Guardsmen need to receive mobilization orders; report to their armories; draw equipment; receive orders and convoy to the disaster area. Guardsmen driving down from Pennsylvania or Navy ships sailing from Norfolk can't be on the scene immediately.
Relief efforts must be planned. Other than prepositioning supplies near the area likely to be afflicted (which was done quite efficiently), this cannot be done until the hurricane has struck and a damage assessment can be made. There must be a route reconnaissance to determine if roads are open, and bridges along the way can bear the weight of heavily laden trucks.
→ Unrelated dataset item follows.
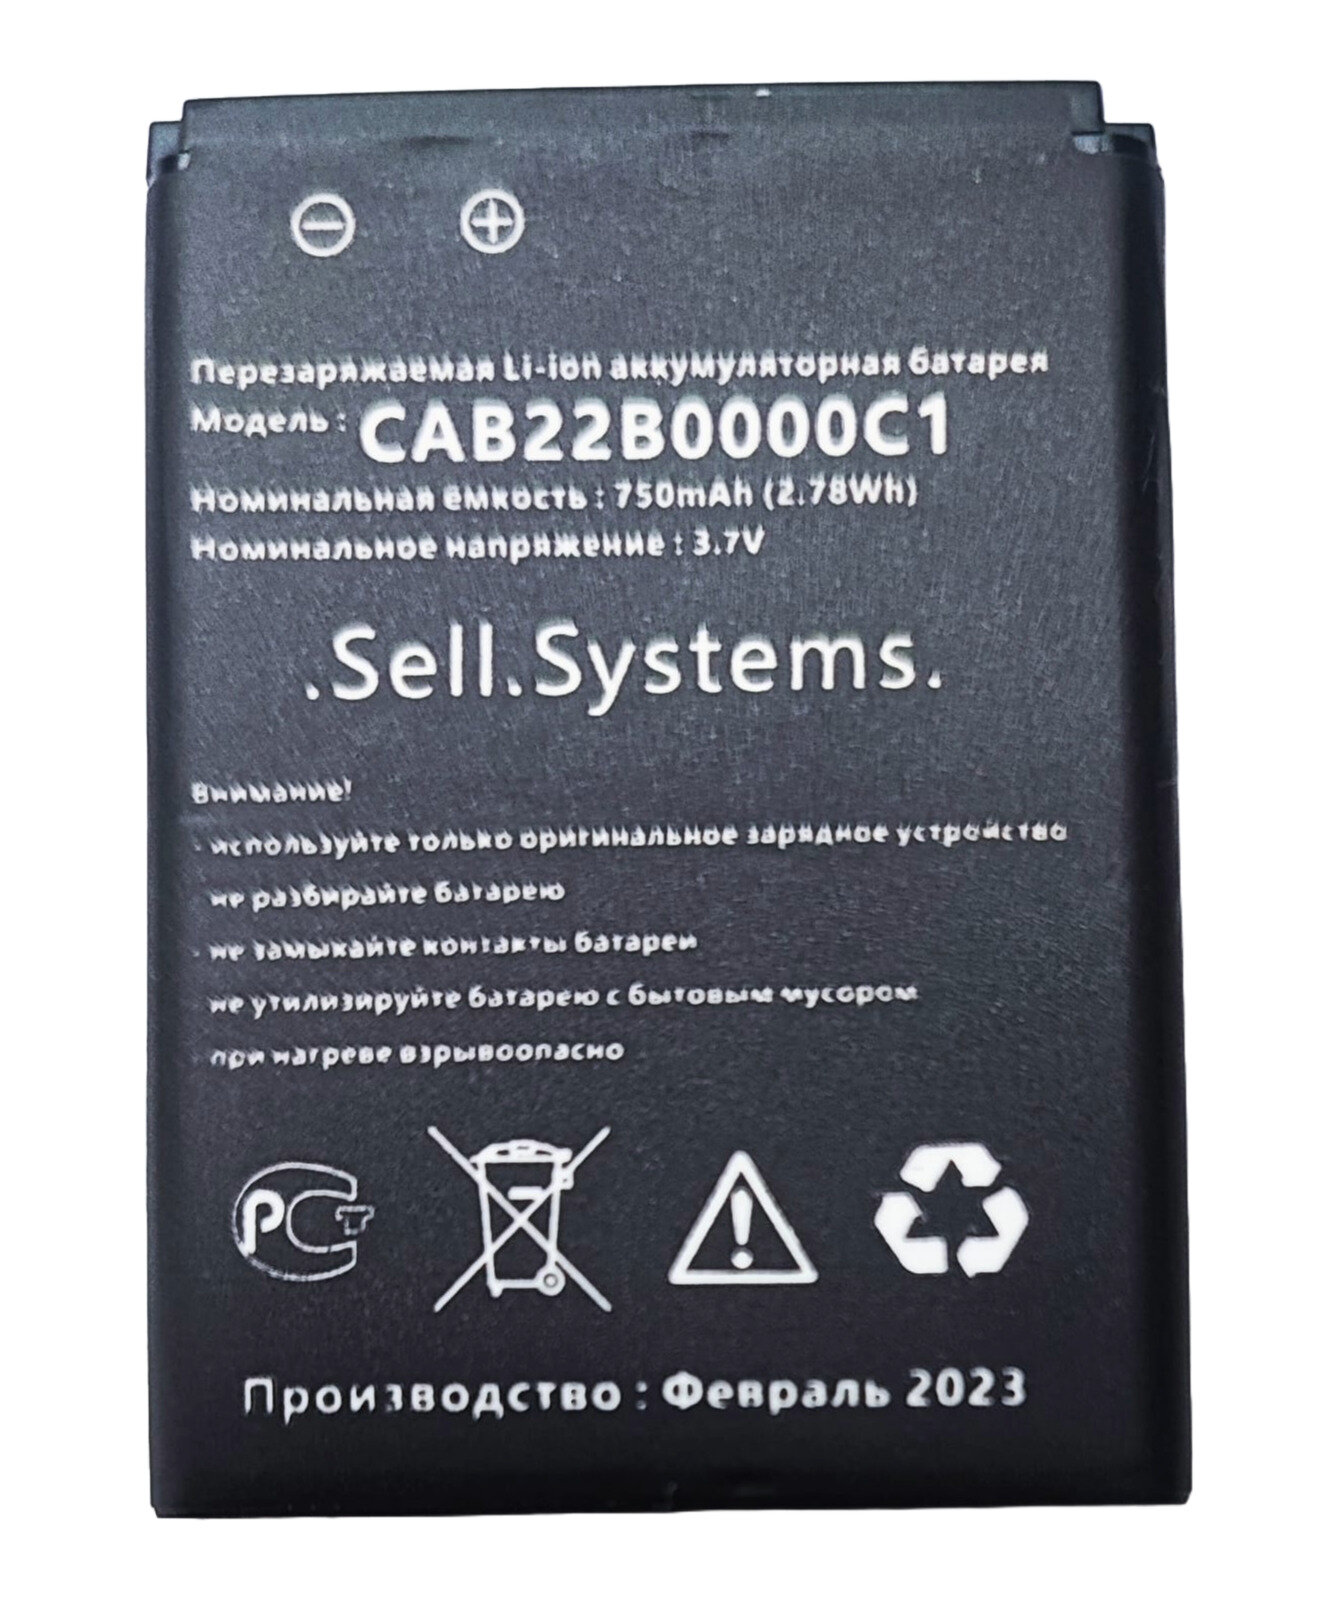 Аккумулятор CAB22B0000C1 для телефона Alcatel One Touch 1008, 1010D, 1010X, 1030D, 665X и OT-665X и др, см. в описании
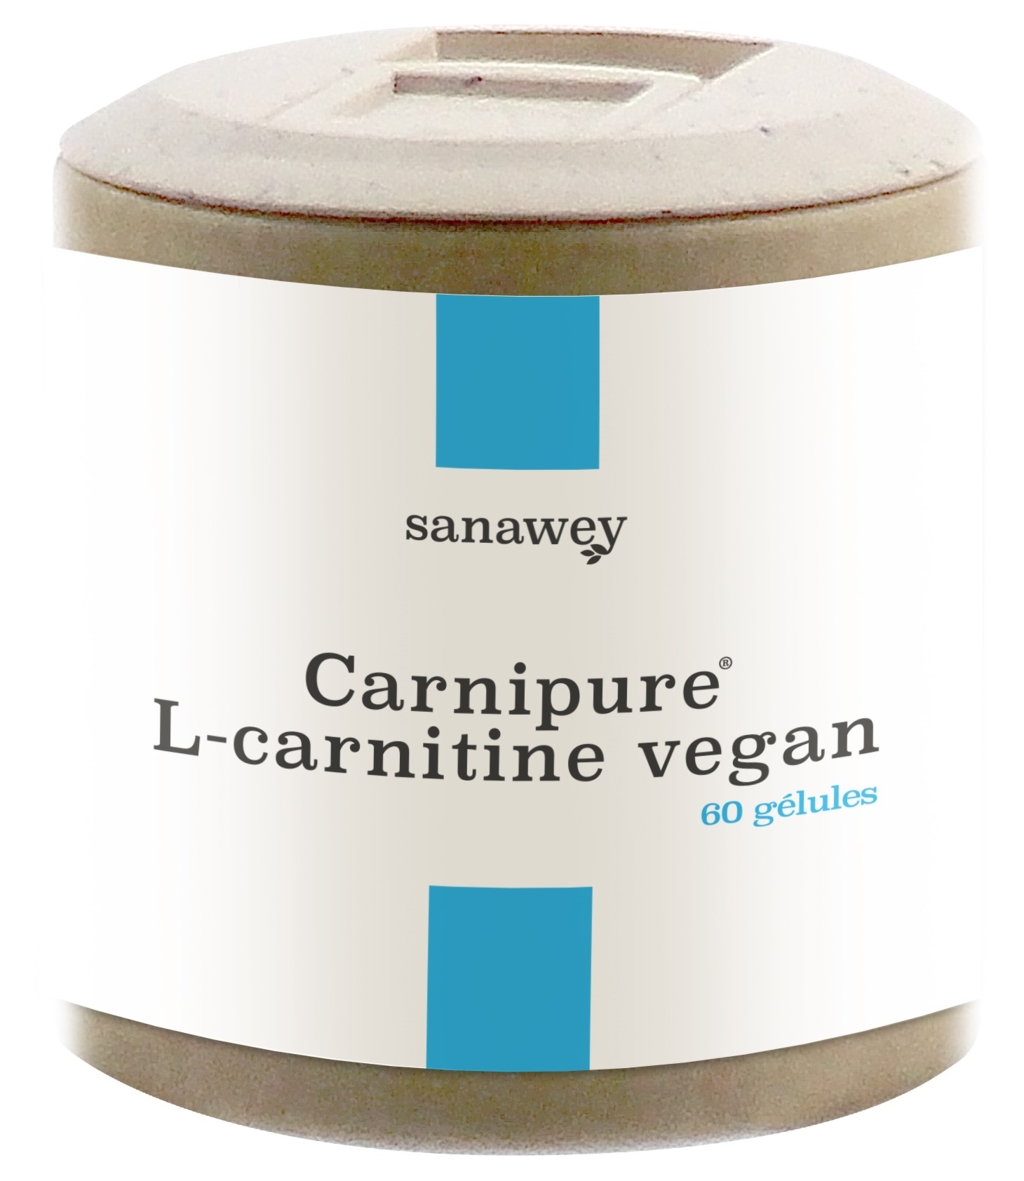 Carnipure® L-carnitine vegan

And federal troops and Guardsmen from other states cannot be sent to a disaster area until their presence has been requested by the governors of the afflicted states.
Exhibit A on the bill of indictment of federal sluggishness is that it took four days before most people were evacuated from the Louisiana Superdome.
The levee broke Tuesday morning. Buses had to be rounded up and driven from Houston to New Orleans across debris-strewn roads. The first ones arrived Wednesday evening. That seems pretty fast to me.
A better question -- which few journalists ask -- is why weren't the roughly 2,000 municipal and school buses in New Orleans utilized to take people out of the city before Katrina struck?